Task brief
For every line in the data below that contains "Festival", copy the line.

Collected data
= Beginning of Section =

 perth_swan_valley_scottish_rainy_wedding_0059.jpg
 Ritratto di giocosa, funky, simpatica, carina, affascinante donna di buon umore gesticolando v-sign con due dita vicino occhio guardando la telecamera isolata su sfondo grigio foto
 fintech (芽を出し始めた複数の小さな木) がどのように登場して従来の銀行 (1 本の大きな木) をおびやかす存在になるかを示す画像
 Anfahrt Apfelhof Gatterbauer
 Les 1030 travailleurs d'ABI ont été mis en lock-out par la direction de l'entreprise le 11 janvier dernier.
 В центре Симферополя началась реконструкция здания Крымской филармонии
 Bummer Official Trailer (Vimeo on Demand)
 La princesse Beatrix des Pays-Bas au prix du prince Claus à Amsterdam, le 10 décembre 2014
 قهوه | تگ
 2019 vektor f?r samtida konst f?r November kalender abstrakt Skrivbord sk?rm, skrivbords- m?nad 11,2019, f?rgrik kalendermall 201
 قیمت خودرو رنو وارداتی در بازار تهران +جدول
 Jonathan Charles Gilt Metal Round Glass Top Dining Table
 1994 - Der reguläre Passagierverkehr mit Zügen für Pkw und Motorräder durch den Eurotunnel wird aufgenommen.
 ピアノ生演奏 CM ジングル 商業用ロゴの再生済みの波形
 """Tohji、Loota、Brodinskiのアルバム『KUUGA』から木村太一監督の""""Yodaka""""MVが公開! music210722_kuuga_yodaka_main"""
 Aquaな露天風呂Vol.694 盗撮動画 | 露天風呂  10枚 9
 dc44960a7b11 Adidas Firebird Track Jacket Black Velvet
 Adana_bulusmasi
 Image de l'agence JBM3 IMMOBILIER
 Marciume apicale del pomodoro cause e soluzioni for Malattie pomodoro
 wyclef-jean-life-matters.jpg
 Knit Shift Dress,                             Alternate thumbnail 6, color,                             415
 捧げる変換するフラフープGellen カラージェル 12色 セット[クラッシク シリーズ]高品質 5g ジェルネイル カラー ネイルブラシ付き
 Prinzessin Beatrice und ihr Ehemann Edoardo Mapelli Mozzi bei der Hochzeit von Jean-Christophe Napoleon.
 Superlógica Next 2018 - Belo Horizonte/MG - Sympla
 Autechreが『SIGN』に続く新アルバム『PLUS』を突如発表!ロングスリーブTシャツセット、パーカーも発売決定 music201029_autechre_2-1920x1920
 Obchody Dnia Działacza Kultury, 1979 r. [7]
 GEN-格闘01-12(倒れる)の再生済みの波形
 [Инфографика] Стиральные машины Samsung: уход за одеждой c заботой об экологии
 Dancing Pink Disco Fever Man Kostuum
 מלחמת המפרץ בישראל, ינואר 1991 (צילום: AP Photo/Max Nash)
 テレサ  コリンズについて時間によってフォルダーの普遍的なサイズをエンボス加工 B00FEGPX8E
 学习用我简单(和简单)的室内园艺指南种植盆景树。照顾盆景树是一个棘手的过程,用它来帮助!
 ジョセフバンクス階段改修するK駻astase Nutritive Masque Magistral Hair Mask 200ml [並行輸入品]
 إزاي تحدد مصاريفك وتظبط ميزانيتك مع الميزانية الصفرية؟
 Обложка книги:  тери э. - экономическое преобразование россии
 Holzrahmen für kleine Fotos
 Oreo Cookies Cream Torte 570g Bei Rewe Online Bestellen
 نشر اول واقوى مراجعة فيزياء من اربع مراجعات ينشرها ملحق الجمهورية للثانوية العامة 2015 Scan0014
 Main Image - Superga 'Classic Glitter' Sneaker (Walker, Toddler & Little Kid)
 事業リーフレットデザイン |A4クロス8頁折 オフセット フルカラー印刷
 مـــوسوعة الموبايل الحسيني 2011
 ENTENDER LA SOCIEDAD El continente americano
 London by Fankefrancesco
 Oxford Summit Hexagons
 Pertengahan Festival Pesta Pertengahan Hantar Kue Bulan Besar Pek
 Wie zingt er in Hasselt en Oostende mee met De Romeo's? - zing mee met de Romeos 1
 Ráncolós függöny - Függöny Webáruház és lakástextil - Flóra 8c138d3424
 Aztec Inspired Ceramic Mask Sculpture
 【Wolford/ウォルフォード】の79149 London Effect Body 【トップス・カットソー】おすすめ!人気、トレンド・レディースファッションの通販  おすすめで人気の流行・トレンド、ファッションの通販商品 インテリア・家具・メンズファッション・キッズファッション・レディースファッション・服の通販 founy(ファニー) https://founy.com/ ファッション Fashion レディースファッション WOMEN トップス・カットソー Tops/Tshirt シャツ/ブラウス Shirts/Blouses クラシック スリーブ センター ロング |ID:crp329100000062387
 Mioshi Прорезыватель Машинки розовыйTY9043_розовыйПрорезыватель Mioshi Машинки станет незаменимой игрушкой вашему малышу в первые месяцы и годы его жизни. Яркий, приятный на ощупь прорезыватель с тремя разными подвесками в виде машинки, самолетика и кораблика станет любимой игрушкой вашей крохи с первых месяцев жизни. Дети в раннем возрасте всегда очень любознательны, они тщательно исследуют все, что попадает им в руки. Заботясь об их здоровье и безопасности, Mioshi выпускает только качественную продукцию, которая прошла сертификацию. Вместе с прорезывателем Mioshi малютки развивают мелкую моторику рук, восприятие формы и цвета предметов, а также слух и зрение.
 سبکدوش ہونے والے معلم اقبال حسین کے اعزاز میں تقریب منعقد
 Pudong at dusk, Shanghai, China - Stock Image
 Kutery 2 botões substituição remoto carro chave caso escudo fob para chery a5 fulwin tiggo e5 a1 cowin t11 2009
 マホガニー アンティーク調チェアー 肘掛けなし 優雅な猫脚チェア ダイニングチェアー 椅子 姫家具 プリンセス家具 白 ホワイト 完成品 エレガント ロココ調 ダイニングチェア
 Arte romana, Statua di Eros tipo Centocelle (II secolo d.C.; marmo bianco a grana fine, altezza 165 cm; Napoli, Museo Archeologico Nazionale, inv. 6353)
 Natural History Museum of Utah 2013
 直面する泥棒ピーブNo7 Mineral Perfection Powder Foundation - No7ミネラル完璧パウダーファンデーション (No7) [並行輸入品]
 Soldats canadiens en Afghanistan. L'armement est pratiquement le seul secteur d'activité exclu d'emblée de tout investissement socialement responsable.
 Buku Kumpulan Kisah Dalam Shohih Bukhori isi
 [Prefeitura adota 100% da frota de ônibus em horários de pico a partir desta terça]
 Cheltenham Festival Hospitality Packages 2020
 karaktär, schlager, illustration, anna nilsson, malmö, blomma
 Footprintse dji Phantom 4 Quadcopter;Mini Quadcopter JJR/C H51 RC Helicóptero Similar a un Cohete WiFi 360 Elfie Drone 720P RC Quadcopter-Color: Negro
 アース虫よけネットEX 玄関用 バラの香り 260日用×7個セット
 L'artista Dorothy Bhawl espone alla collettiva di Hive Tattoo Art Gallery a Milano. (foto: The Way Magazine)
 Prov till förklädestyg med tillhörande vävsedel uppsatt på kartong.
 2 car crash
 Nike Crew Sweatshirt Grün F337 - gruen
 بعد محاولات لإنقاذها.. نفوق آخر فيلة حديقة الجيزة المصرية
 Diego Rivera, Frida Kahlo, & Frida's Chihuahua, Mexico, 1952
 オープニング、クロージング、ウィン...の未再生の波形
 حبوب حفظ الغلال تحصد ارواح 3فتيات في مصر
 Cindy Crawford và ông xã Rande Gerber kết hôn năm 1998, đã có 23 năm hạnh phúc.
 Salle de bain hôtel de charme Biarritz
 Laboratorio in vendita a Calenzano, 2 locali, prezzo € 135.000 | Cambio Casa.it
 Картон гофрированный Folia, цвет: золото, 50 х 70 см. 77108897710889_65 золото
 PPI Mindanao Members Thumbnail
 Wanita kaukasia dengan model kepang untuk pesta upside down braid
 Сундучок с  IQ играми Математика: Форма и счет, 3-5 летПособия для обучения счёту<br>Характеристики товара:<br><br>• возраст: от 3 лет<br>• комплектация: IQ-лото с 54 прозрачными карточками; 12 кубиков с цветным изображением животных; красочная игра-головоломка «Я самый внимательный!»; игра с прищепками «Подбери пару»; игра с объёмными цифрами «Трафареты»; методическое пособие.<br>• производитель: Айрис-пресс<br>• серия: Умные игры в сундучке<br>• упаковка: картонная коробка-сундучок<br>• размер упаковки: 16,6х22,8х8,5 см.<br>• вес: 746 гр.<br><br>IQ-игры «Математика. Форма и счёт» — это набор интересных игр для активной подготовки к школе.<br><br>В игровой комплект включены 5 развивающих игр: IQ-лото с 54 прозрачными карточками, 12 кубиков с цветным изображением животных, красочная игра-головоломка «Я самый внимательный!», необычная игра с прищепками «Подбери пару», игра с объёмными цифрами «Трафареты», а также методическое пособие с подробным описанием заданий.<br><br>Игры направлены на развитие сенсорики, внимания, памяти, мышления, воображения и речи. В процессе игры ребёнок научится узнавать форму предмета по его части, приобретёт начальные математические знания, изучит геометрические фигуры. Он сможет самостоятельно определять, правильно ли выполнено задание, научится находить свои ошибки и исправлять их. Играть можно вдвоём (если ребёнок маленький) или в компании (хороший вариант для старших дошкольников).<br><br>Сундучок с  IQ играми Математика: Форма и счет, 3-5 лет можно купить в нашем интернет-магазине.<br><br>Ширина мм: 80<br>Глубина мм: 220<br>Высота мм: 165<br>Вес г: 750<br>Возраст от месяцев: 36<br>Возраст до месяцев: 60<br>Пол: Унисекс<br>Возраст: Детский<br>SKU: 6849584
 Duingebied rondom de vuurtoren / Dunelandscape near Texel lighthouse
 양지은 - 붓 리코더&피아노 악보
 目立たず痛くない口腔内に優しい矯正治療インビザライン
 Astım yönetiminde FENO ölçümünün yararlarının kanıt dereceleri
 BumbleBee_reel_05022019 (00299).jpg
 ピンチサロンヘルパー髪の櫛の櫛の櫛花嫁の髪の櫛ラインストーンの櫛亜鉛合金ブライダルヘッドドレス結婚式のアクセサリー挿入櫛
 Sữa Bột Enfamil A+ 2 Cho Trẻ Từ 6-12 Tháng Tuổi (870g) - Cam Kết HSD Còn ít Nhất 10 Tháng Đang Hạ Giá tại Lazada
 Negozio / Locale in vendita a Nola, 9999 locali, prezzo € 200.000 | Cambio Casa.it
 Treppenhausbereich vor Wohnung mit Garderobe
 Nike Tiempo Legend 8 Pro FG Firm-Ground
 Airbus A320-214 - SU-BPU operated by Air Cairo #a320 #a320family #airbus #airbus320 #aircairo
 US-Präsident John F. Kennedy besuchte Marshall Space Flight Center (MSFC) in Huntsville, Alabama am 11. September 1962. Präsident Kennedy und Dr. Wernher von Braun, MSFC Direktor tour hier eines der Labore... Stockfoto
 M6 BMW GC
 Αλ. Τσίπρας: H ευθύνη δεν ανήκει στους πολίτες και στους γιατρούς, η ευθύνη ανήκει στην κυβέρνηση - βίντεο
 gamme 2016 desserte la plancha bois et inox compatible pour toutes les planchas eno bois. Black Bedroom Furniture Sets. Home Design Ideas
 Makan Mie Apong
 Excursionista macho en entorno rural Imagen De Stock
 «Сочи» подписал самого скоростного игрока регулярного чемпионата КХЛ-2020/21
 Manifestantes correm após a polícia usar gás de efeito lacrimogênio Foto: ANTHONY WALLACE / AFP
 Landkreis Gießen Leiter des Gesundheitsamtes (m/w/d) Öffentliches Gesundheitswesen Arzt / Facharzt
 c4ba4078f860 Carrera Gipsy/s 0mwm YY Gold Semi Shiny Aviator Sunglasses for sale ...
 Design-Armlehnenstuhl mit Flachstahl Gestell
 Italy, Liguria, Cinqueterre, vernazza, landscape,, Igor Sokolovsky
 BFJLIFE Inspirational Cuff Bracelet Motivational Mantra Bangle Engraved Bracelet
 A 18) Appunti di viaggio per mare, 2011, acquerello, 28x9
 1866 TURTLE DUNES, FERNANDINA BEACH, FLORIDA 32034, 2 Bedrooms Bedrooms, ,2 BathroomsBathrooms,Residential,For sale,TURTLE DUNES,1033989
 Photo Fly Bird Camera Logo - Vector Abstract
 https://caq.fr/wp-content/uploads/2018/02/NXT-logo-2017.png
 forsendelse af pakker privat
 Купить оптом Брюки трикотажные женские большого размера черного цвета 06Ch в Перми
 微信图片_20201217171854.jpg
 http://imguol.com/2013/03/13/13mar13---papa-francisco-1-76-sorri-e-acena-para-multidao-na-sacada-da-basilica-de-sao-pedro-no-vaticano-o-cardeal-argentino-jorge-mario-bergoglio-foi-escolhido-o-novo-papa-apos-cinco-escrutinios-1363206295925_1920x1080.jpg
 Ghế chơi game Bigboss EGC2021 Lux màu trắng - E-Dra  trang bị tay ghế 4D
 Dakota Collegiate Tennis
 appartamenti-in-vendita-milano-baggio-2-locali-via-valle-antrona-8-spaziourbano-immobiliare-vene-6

= End of Section =

Answer space
 Pertengahan Festival Pesta Pertengahan Hantar Kue Bulan Besar Pek
 Cheltenham Festival Hospitality Packages 2020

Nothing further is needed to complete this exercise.